#### Given entries ####

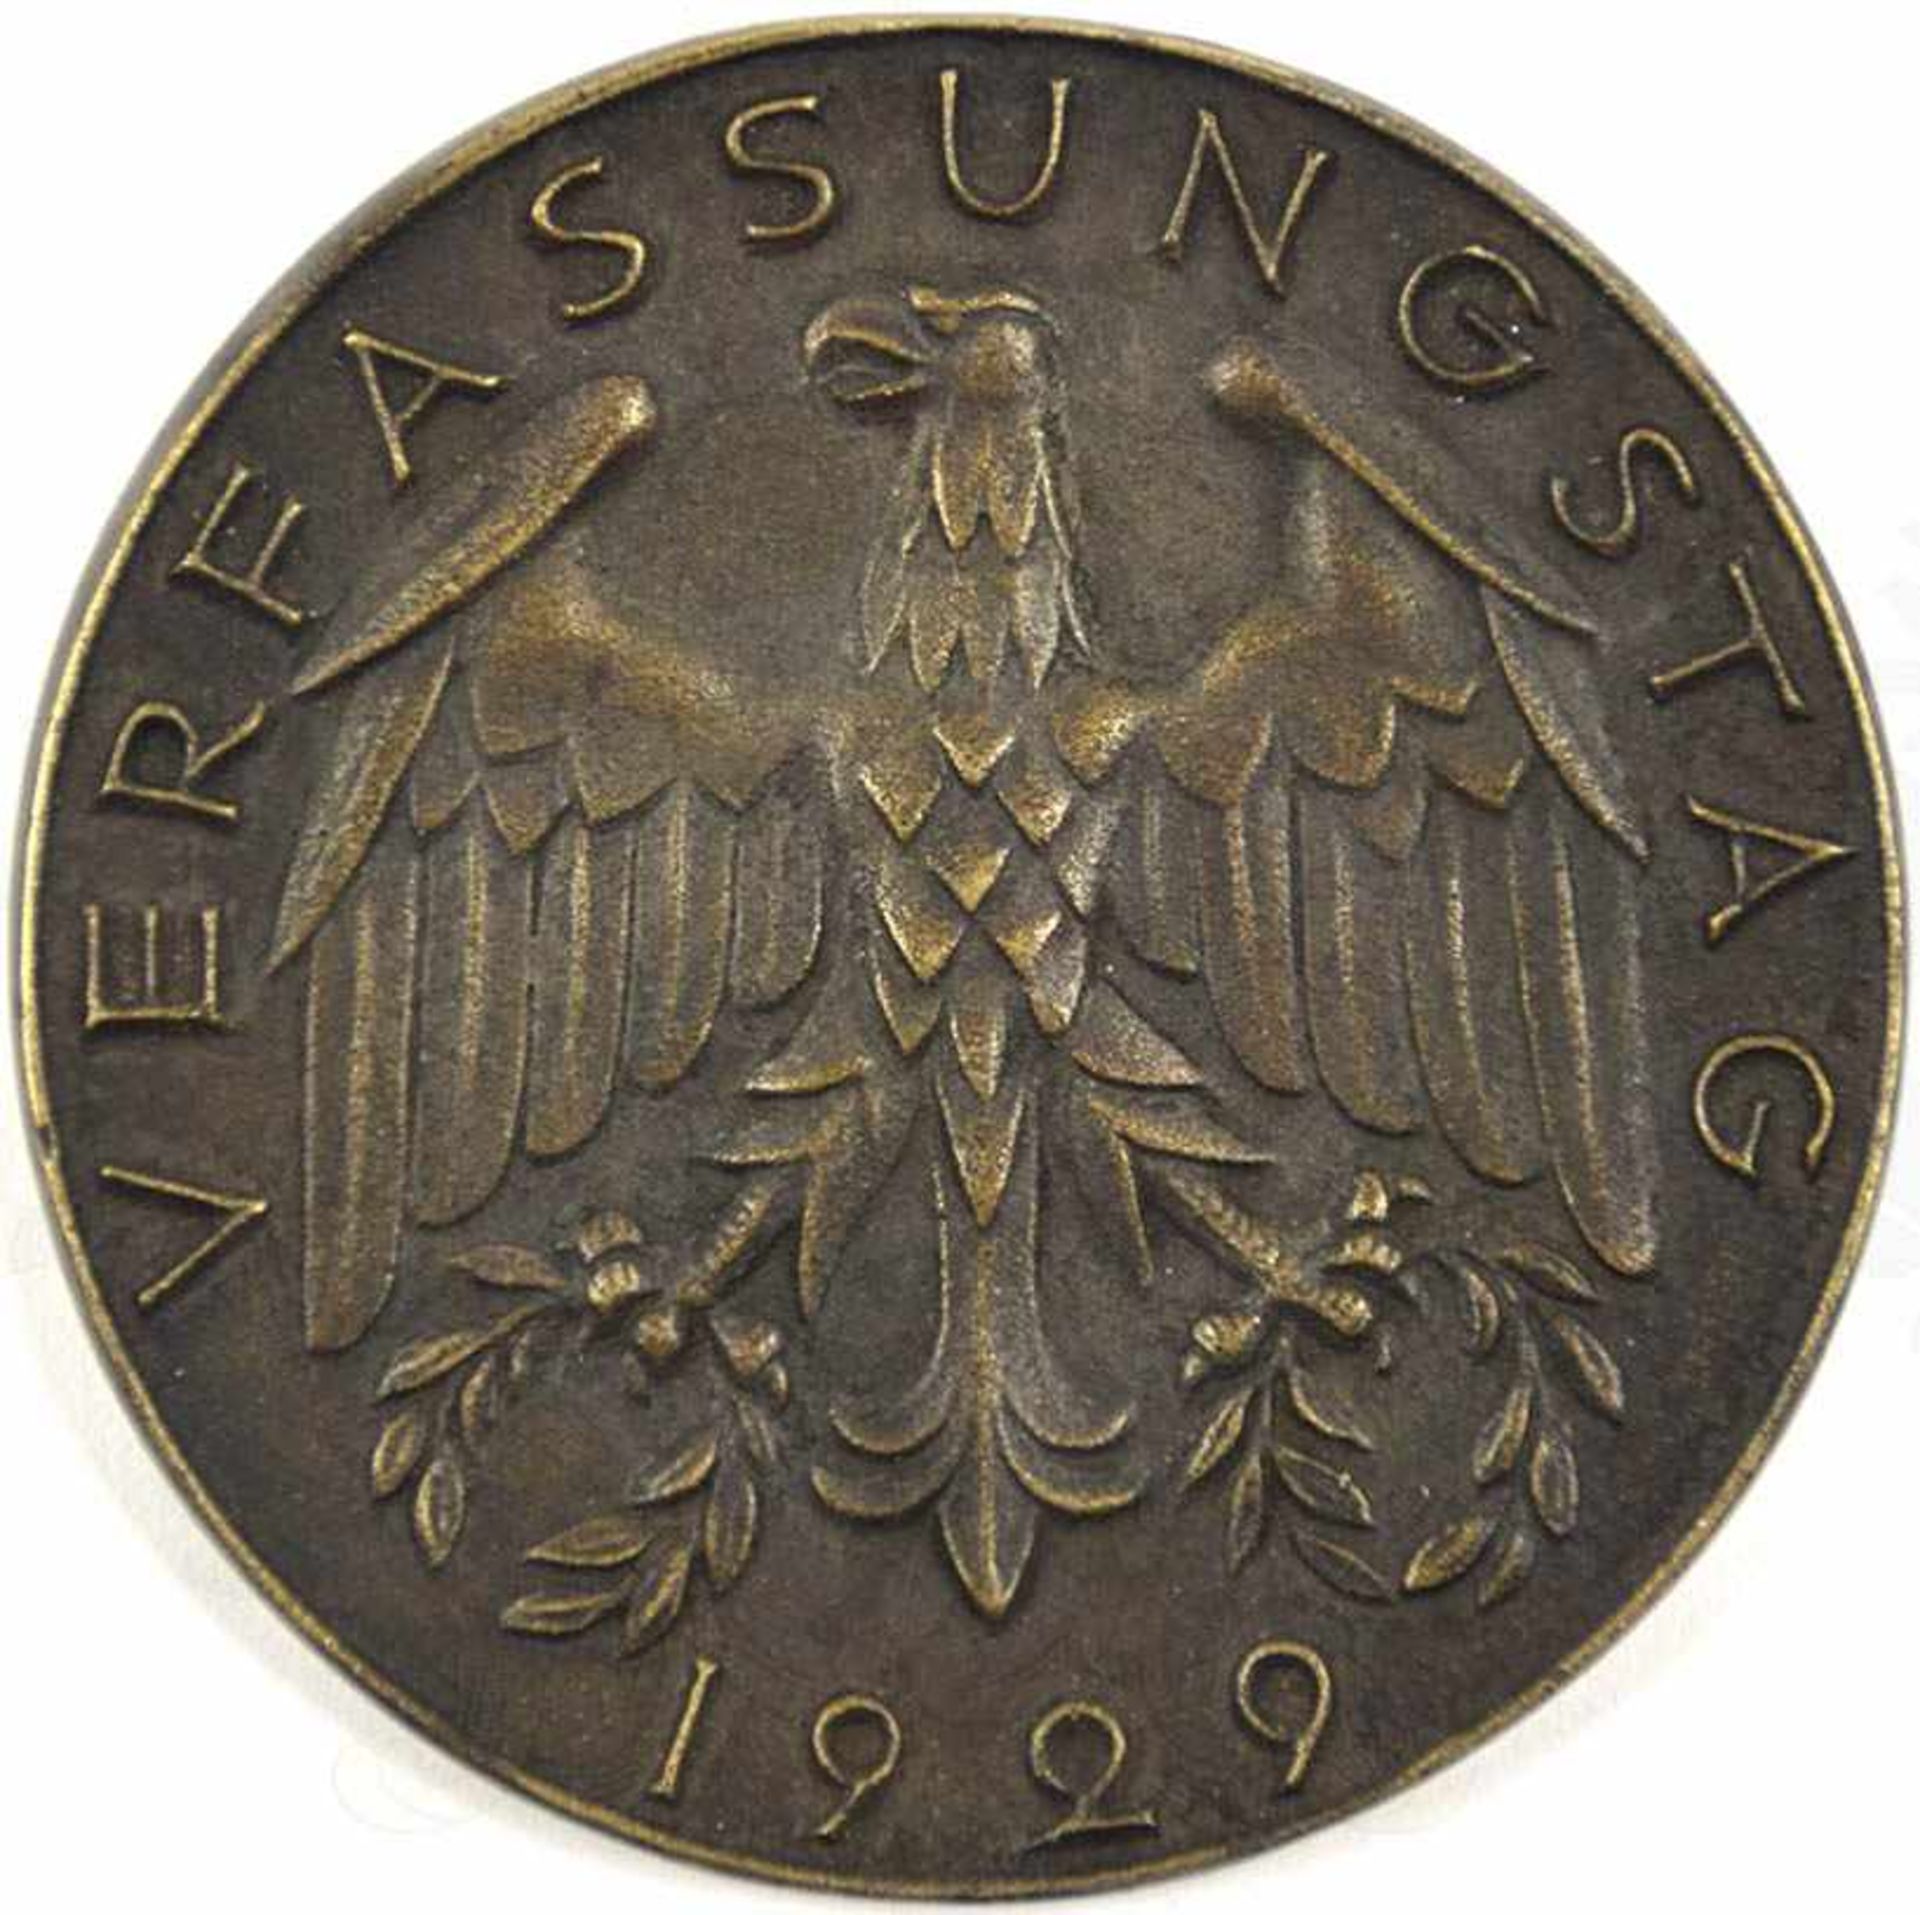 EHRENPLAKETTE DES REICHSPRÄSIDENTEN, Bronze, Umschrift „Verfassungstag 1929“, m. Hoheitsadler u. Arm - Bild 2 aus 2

####
#### Given entries ####

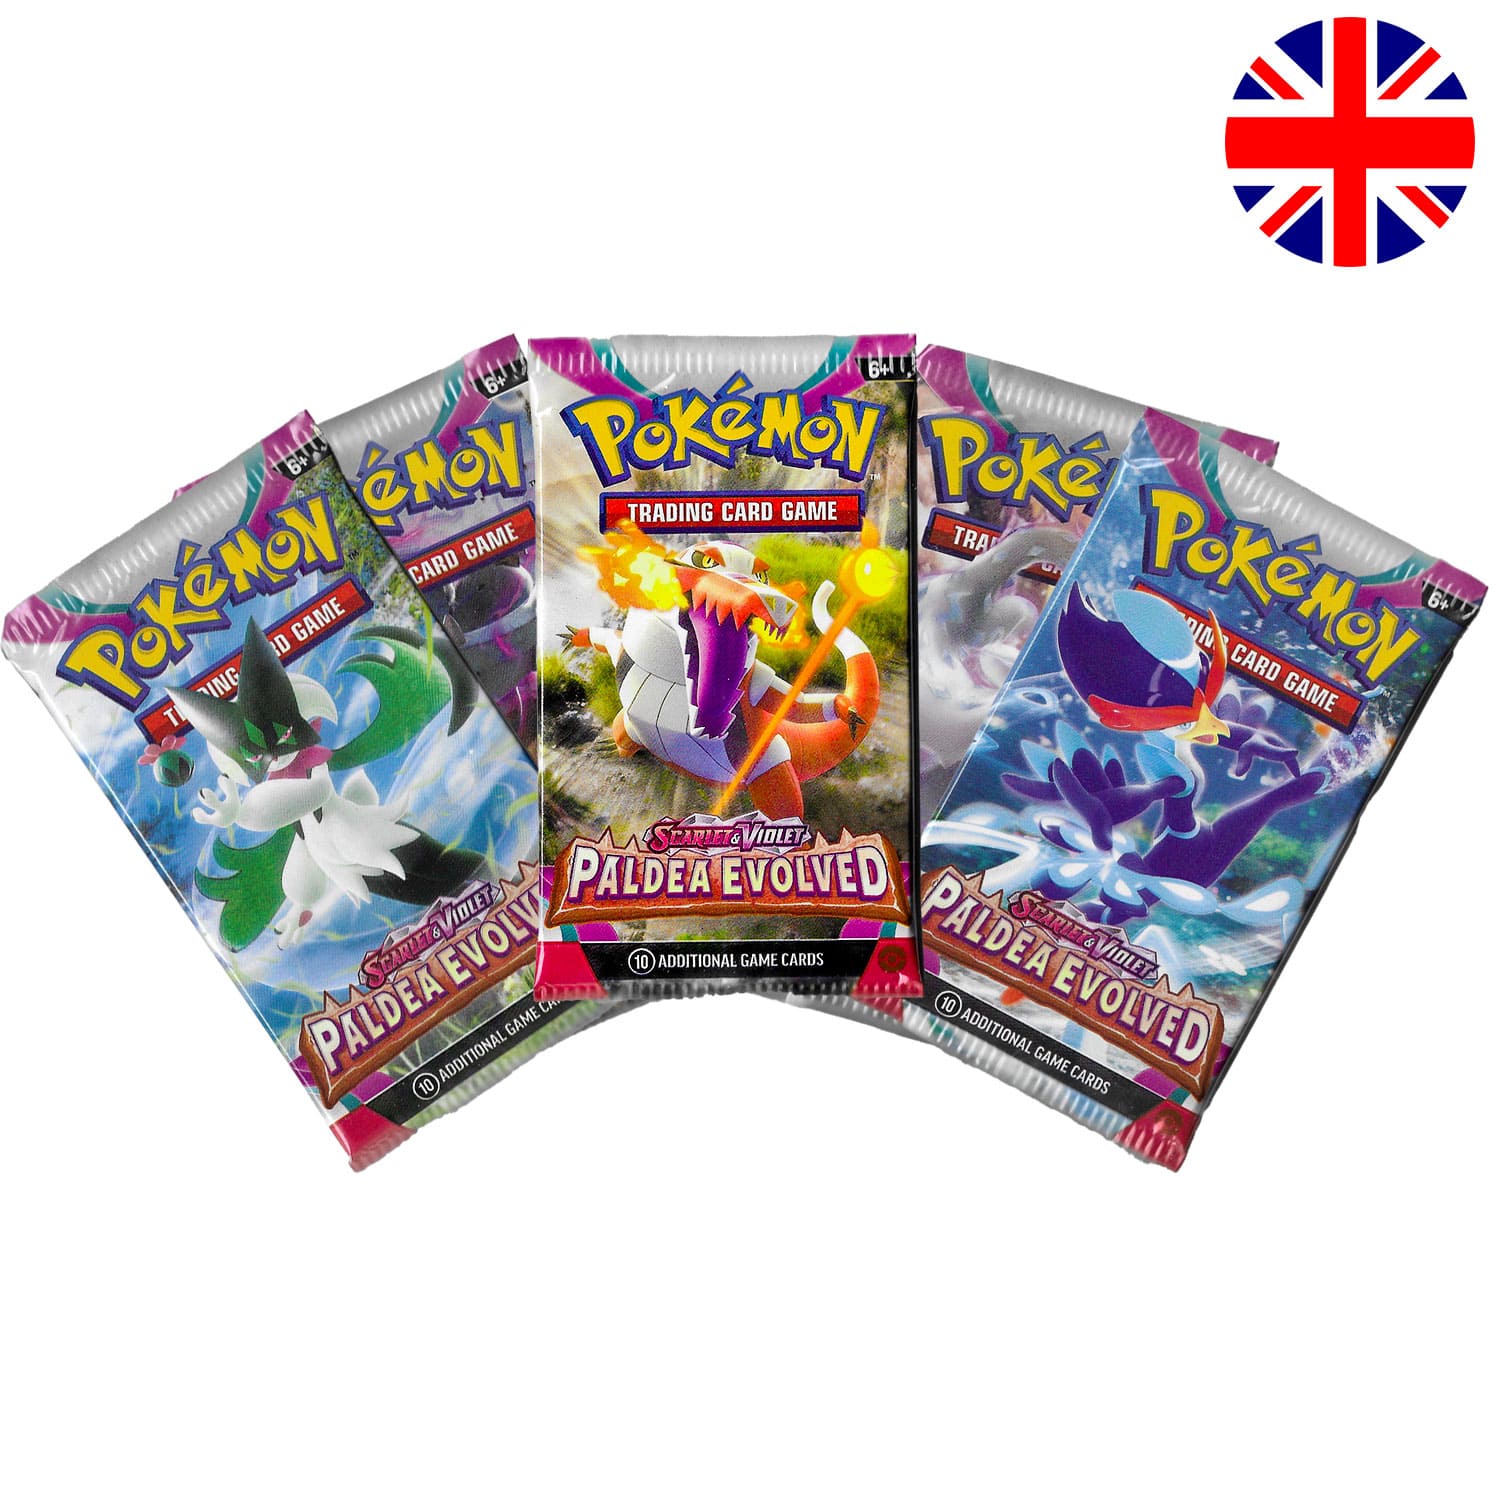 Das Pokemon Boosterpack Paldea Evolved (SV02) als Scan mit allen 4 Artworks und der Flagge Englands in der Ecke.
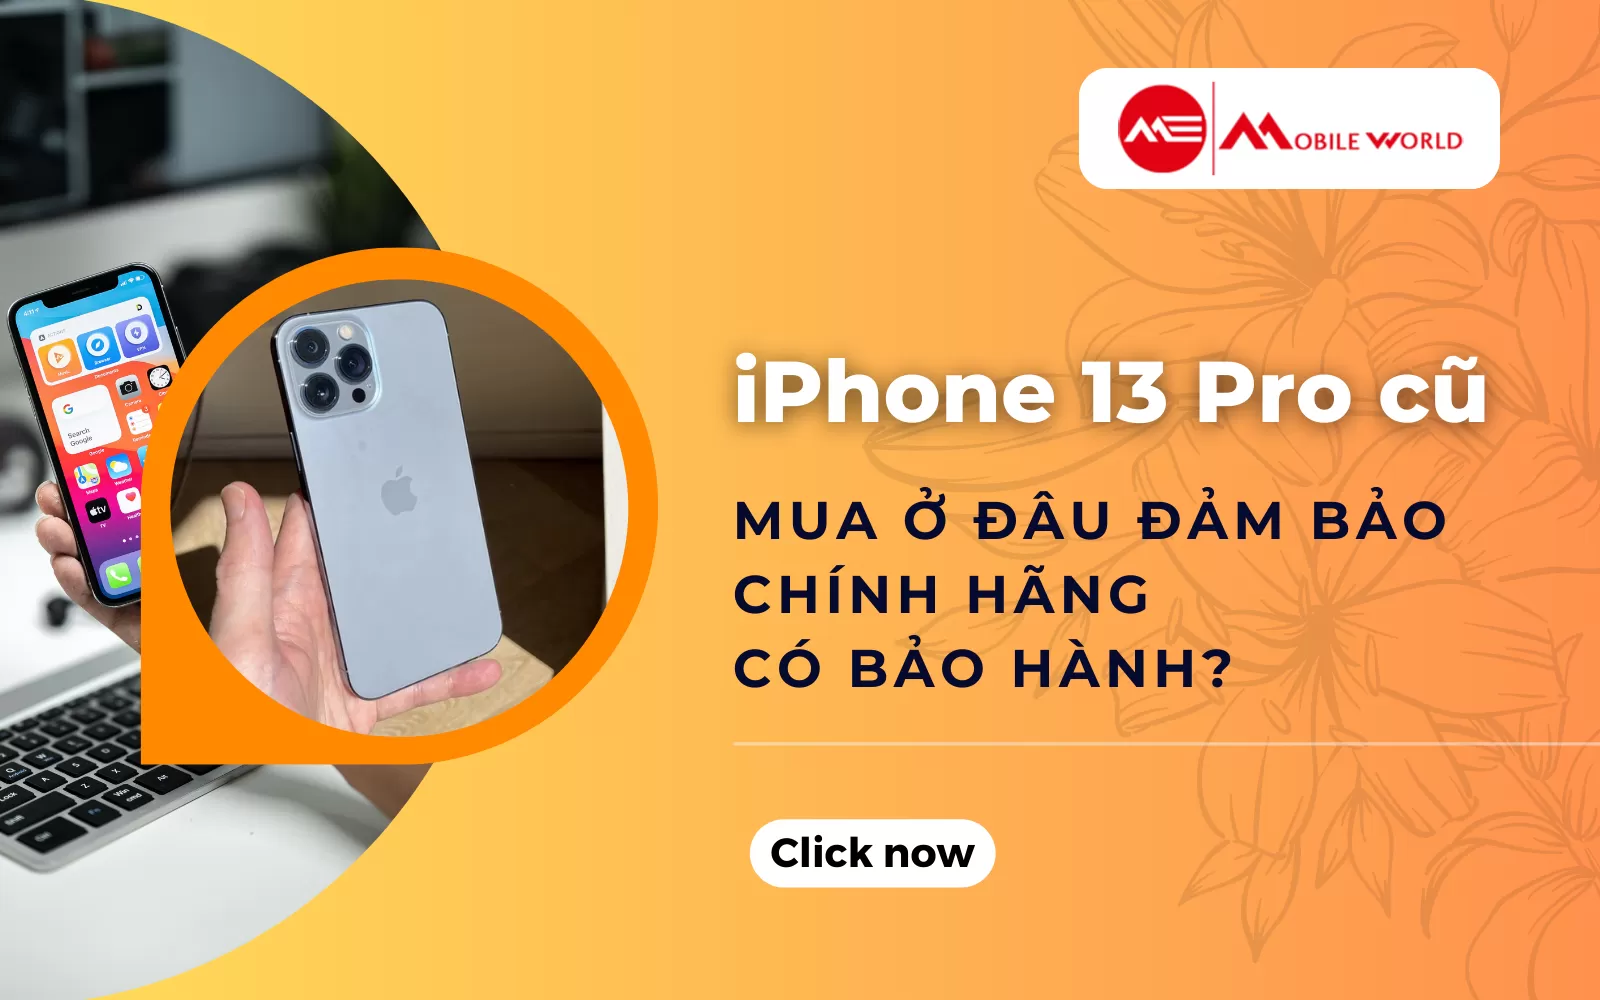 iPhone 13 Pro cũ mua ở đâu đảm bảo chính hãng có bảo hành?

####

Reproduce the listing above only between the lines holding "Das Pokemon Boosterpack" and "iPhone 13 Pro", inclusive. Every line must match exactly, and pictures are dropped.

* _Response area_
 Das Pokemon Boosterpack Paldea Evolved (SV02) als Scan mit allen 4 Artworks und der Flagge Englands in der Ecke.
 iPhone 13 Pro cũ mua ở đâu đảm bảo chính hãng có bảo hành?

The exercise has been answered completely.